[[ MATERIAL PROVIDED, beginning ]]

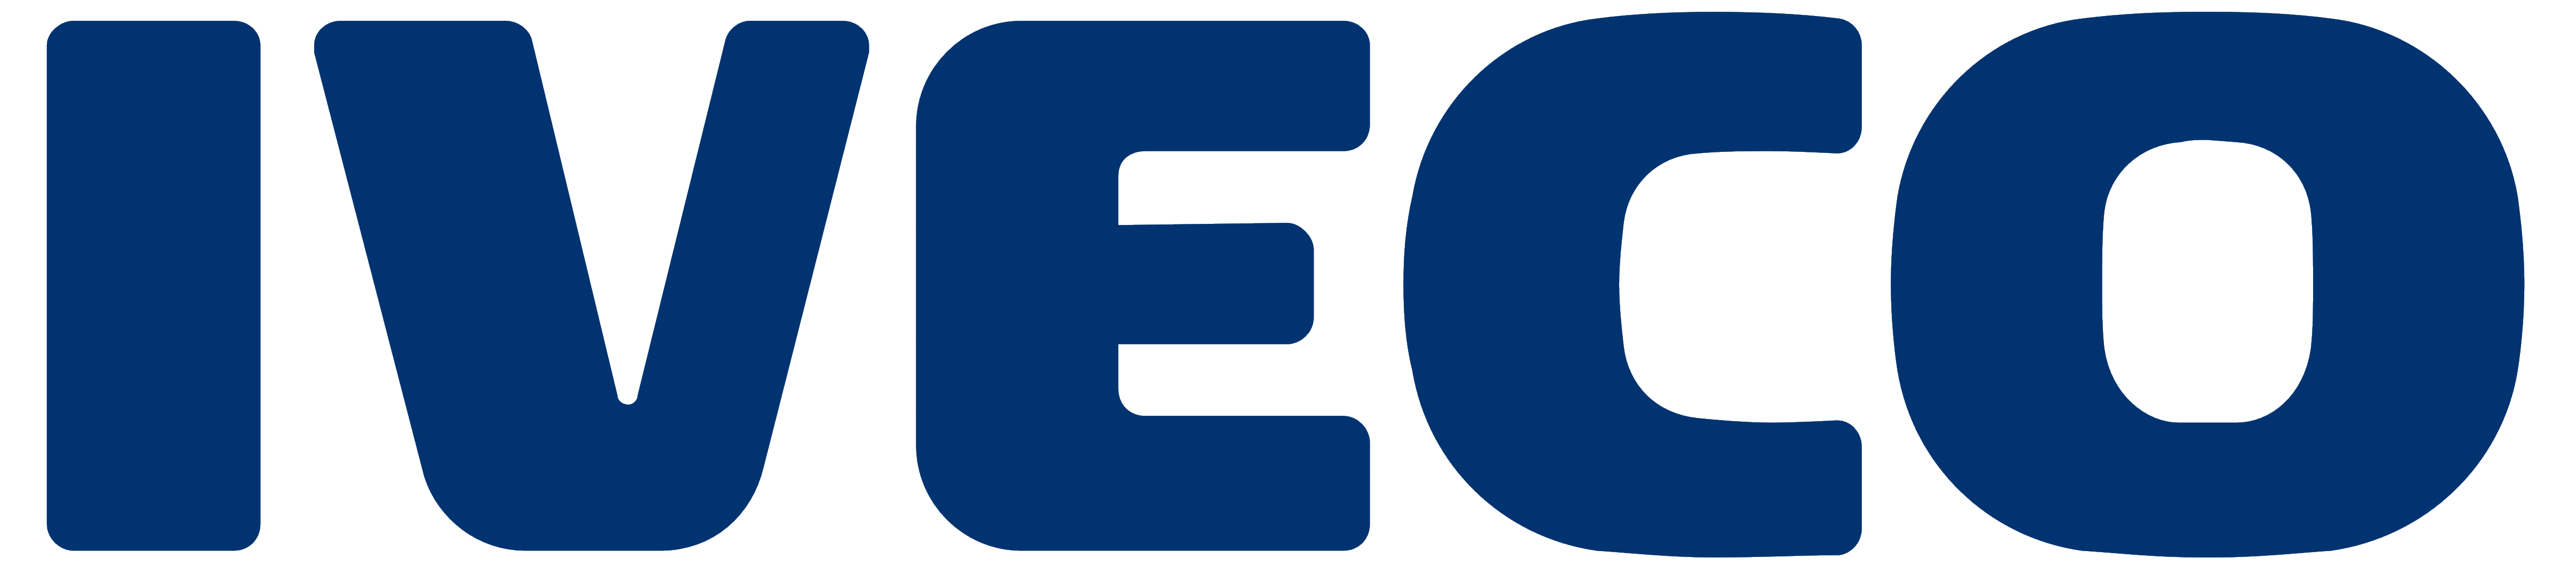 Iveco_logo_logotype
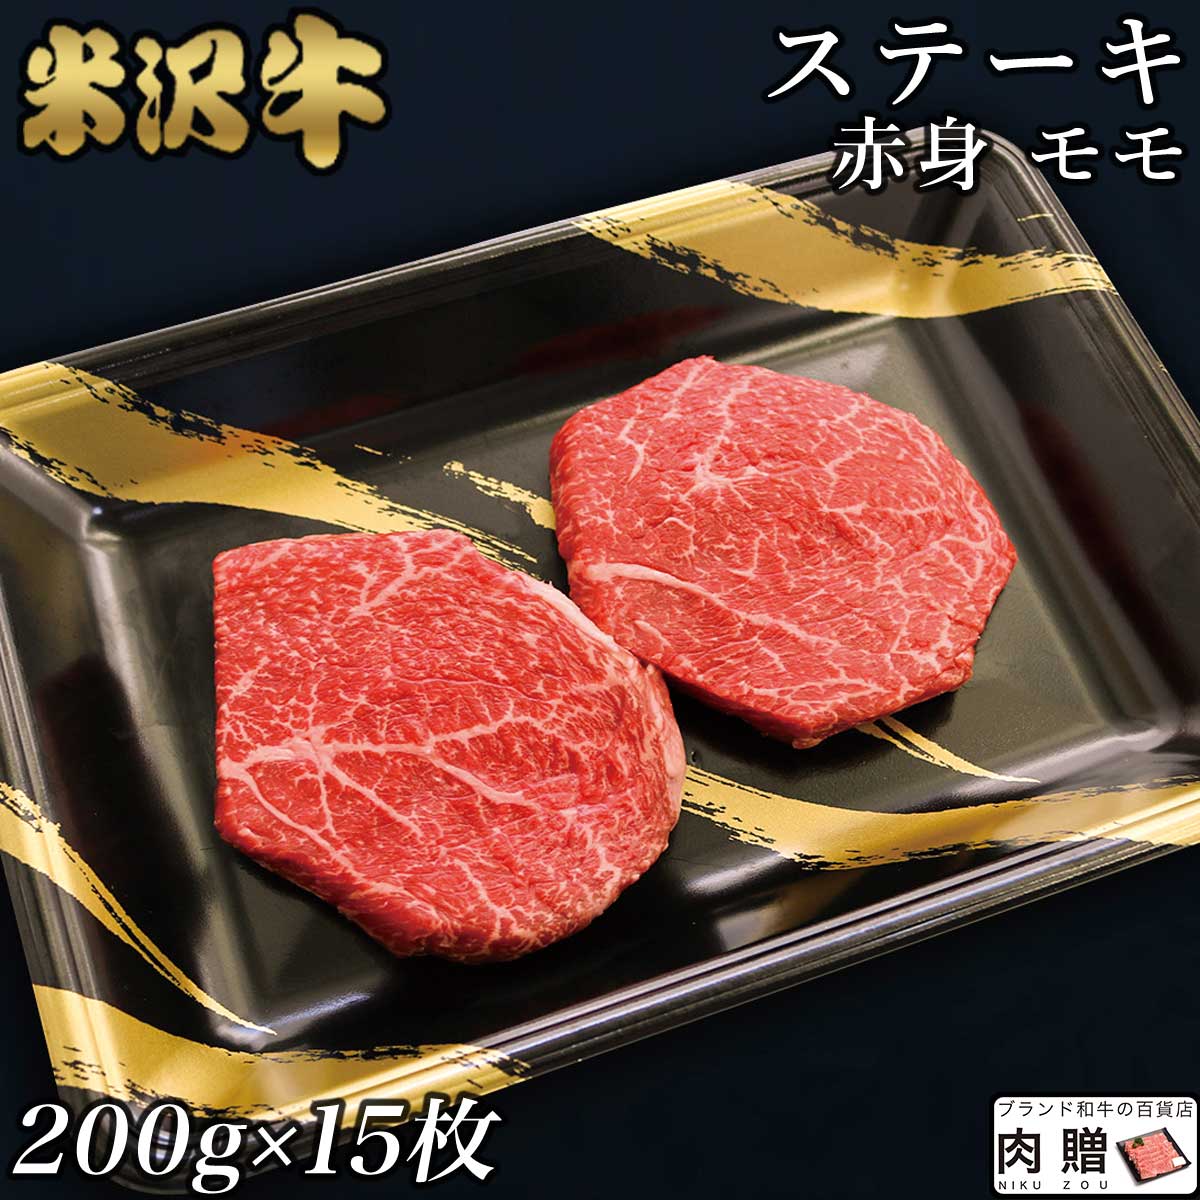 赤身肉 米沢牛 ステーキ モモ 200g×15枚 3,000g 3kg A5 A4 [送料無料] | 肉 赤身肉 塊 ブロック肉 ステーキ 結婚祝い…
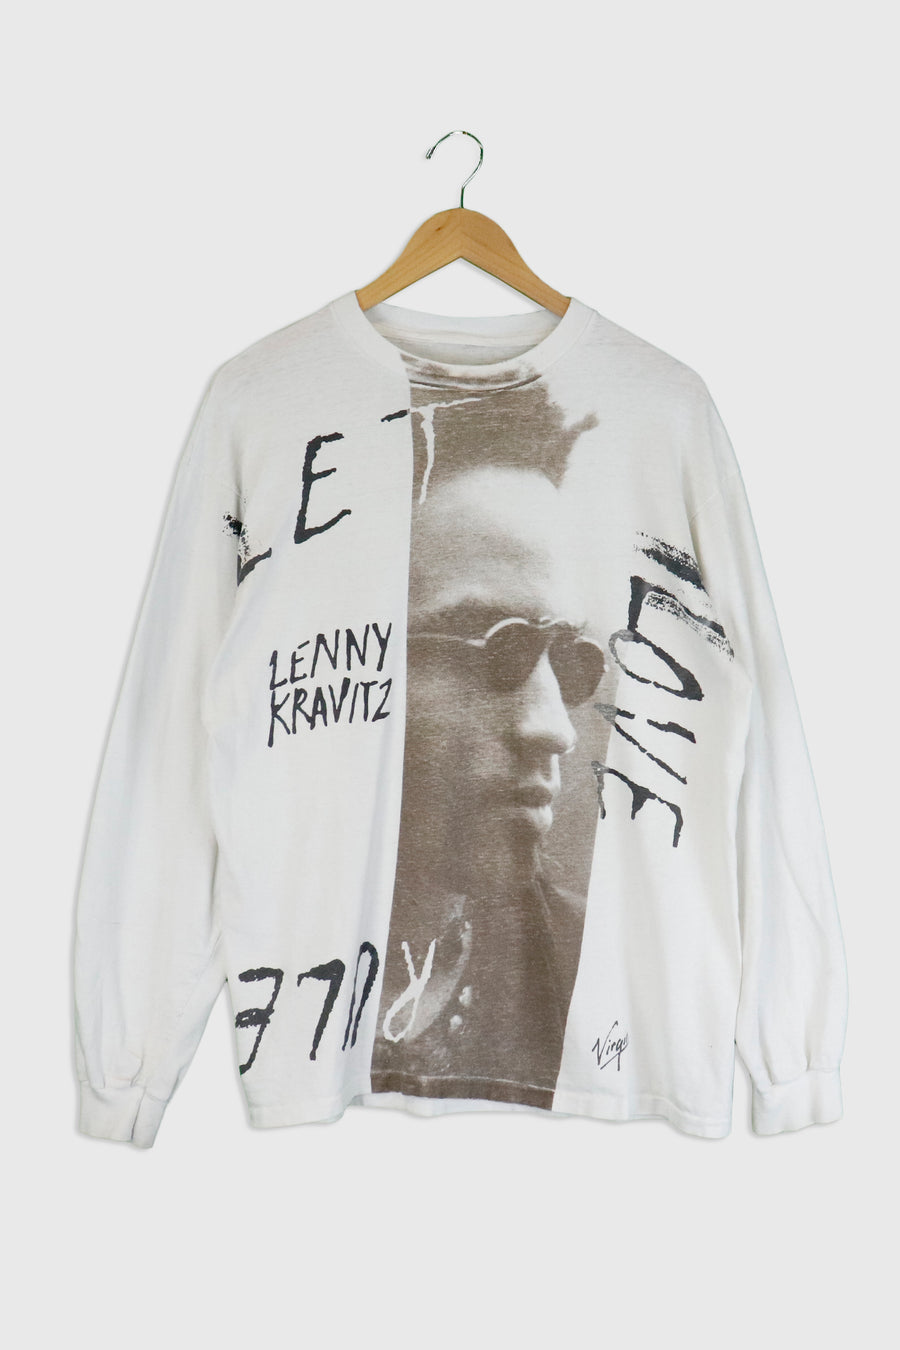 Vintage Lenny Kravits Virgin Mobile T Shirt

[[ MATERIAL PROVIDED, end ]]

## WORK TO COMPLETE
Restate exactly the lines that start at the "赤身肉 米沢牛 ステーキ" line and end with the last line of the material above, leaving out the pictures.

## THE COMPLETED TASK
 赤身肉 米沢牛 ステーキ モモ 200g×15枚 3,000g 3kg A5 A4 [送料無料] | 肉 赤身肉 塊 ブロック肉 ステーキ 結婚祝い…
 Vintage Lenny Kravits Virgin Mobile T Shirt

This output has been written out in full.